DTC genomic testing companies are not only offering a test for a single gene, but claim to be selling tests for a personal genome. In early 2007, the company 23andme started a new company based on a “personal genome web-based service.” The company was started by executives of pioneering companies in gene testing. Similarly, Navigenics offers, a “gene roadmap to health.” Curious about their services, in particular the issue of privacy of genetic information, I read their websites and contacted Navigenics. From the website information and response, it seemed that the customer service and privacy was of more concern to Navigenics than 23andme. Genome testing companies will gain power when they control genomic data. What rights does an individual have to their genome data files once they have mailed in their saliva? The temptation for genome knowledge and the long term exposure of an individual’s genome for information exchange is indeed both intriguing and worrisome. How much power do we place in the hands of the DTC genetics companies? What happens when these companies are bought out by others or change hands? How will policies change? The government can only control and protect the consumer to a certain extent. Eventually these genomic companies might be outsourced to other countries.

Mail Order Genome Test Results
As a doctor or health professional, how does one respond when a patent enters the office with a genetic test purchased through a mail-in saliva kit? What is the percentage error in these tests? How will the results be interpreted? Will the field of genetic counseling experience a huge growth? Speaking with a genetic counselor by phone or email in another state and eventually country is very impersonal. The NIH Genome 2004 study indicated that the risk of misinformation is not adequately transmitted and understood in DTC tests. Marketing on the internet leaves out the healthcare provider, a risky move, and leaves the burden on government agencies to oversee DTC testing.
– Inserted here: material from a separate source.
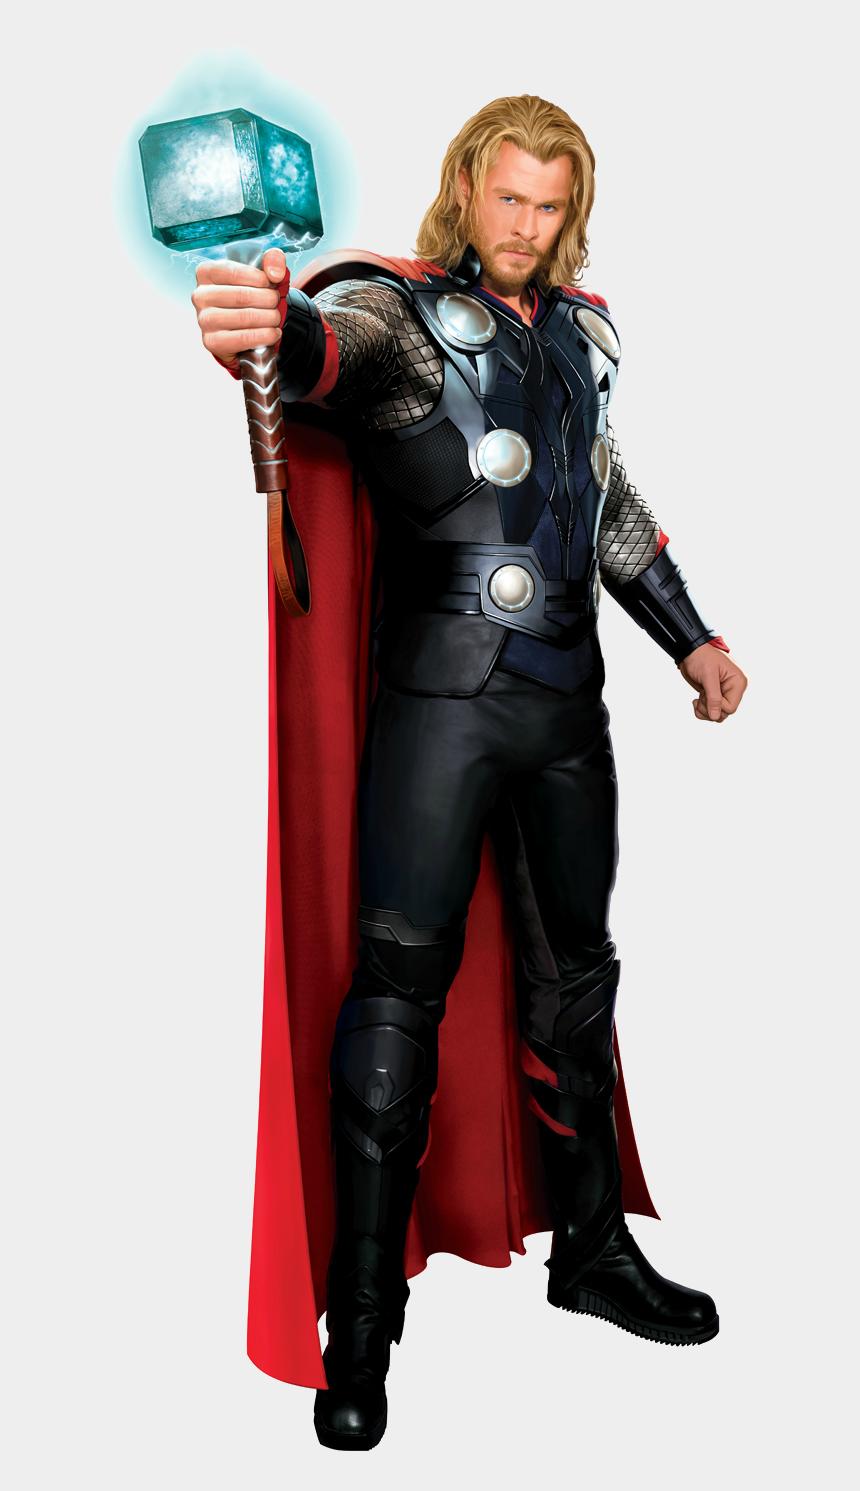 thor clipart, Cartoons - Thor Movie

Amniocentisis: The Most Frequently Used Test
In looking for the origins of genetic testing we should look to the most familiar genetic test, an amniocentesis. An amniocentesis is performed to check primarily for Down Syndrome and Cystic Fibrosis in pregnant women of advanced maternal age. The first genetic diagnosis of amniotic fluid was made in 1956 and published in the journal Nature. In 1968, Dr. Carlo Valenti made the first diagnosis of Downs Syndrome with a genetic test. Amniocentesis is regularly used as a genetic test in pregnancy. The results of this test have a profound impact on the mother. Care is taken to have appropriate genetic counseling available. The mental health aspect of finding out that you have a life threatening illness is just as important as finding out about a physical disease. Physical diseases that have been linked to genetic markers and tests are listed here:

Company
Year Genes Tested Disease

Myriad Genetics
2002 BRCA1 and BRCA2 Breast and ovarian cancer
2001 P16, CDKN2A or INK4A or MTS1 Melanoma
2000 MYH, MLH1 or MSH2, APC Hereditary Nonpolyposis Colon Cancer

Genzyme
2006 KRAS Non-small cell lung cancer
2006 CFTR Cystic Fibrosis
1999 nMLHI and hMSH2 Colon Cancer

deCODE
2007 TCF7L2 Type 2 diabetes
2007 PDE4D Stroke

Myriad, Genzyme and deCODE are three companies that have been developing genetic tests and have tests on the market for specific diseases. The company deCODE plans to enter the personal genome market and compete with 23andme and Navigenics. What does this mean for the patient/consumer and healthcare provider?

It means that not all tests are created the same. Different genetic tests will be looking for different genes, combinations of genes and gene linkages, possibly using slightly different technologies, with different variations in error. They will make judgments about different risk factors—how likely are you to develop the condition. Another factor is other non-genetic diagnostics tools that may either refute or support the genetic test. When it comes to a person’s health, a single test should not be the only predictor of disease, if there are other diagnostic tests available.

Advances in colon cancer cure rates alone are making it possible to receive diagnostic testing that is less painful and more technologically advanced. If you believe that you are at risk for a certain disease and have part of your genome tested, how will you follow up the genetic tests with other diagnostic tests? Would you change your lifestyle to minimize the risk? How might this change your life expectancy?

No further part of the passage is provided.